The Global System for Mobile Communications Association (GSMA) has called on the Nigerian government to urgently reduce telecom taxes, highlighting that the current tax regime is hindering investment and slowing growth in the digital economy.

Angela Wamola, GSMA’s head of Sub-Saharan Africa, noted that Nigeria’s telecom sector is struggling due to high operational costs, including increasing energy prices and difficulties accessing foreign currency for importing essential equipment. These challenges have significantly strained telecom operators, limiting infrastructure expansion and the sector’s contribution to economic development.

Nigeria telecom tax review

 

According to Wamola, Nigeria’s burdensome tax regime creates additional obstacles not faced by other African markets. In 2023, Nigerian telecom companies paid approximately N2.4 trillion in taxes, contributing around N33 trillion to the country’s GDP, equivalent to 13.5% of the national economy.

However, the sector’s growth has slowed, partly due to the inconsistent application of the Right of Way (RoW) charges. Despite a 2020 agreement to set RoW fees at 145 naira per meter, many states charge higher rates, leading to escalated infrastructure deployment costs.
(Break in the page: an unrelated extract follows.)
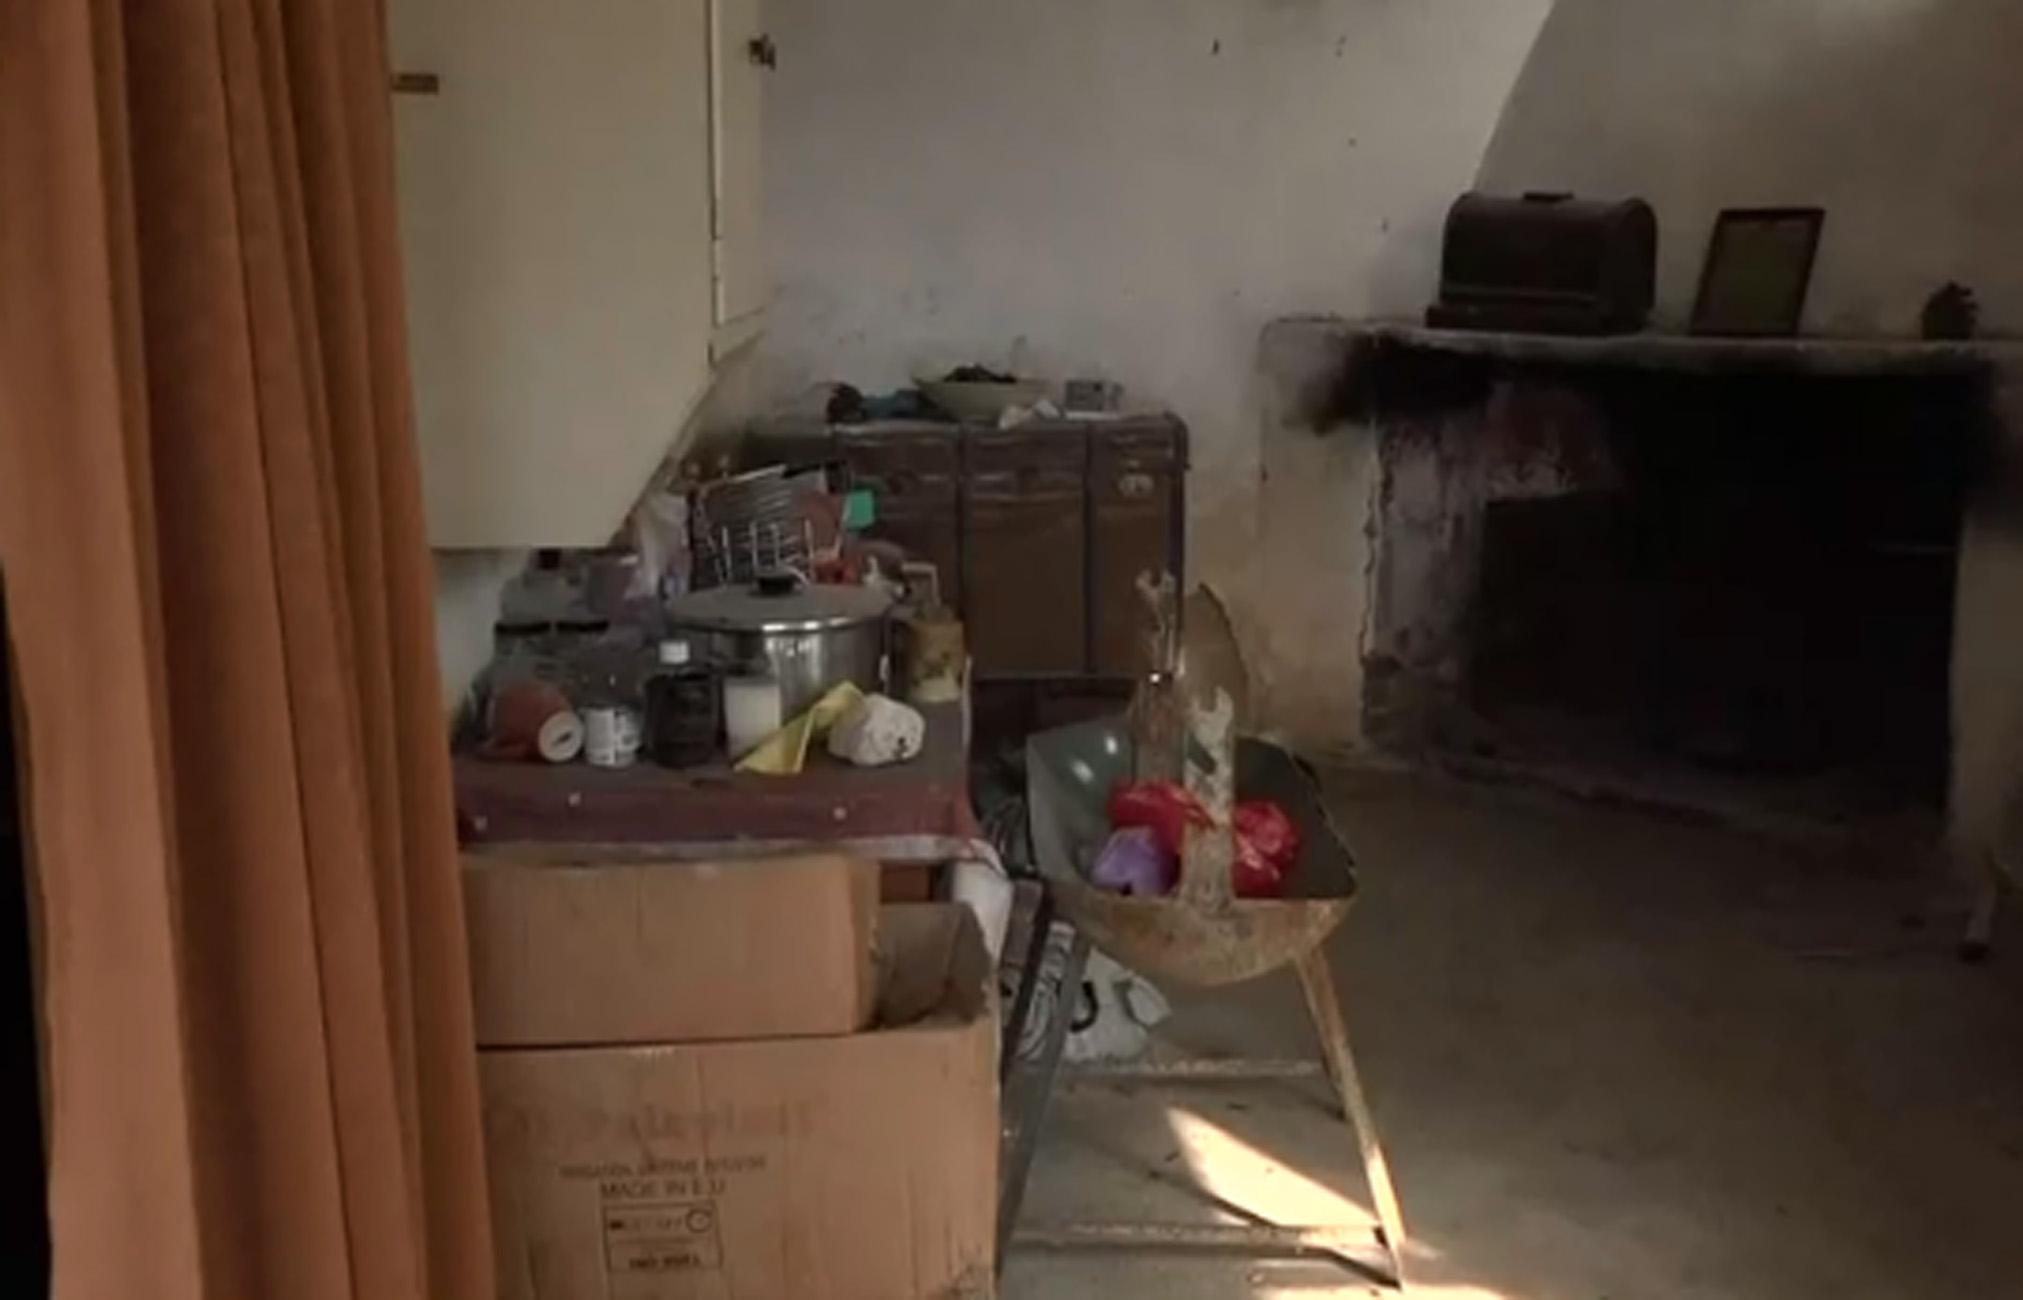 Σοκ στο Μαρκόπουλο: Κουκουλοφόρος επιτέθηκε σε γυναίκα μέσα στο σπίτι της

Wamola explained that harmonising RoW charges could reduce fiber optic installation costs by 15%, encouraging further network investment.

The GSMA recommends that the Nigerian government streamline taxes, harmonise RoW fees, and reduce multiple levies to support telecom operators in expanding their services.

These reforms, Wamola argued, would benefit Nigeria’s economy by improving connectivity and increasing digital inclusion for millions of Nigerians.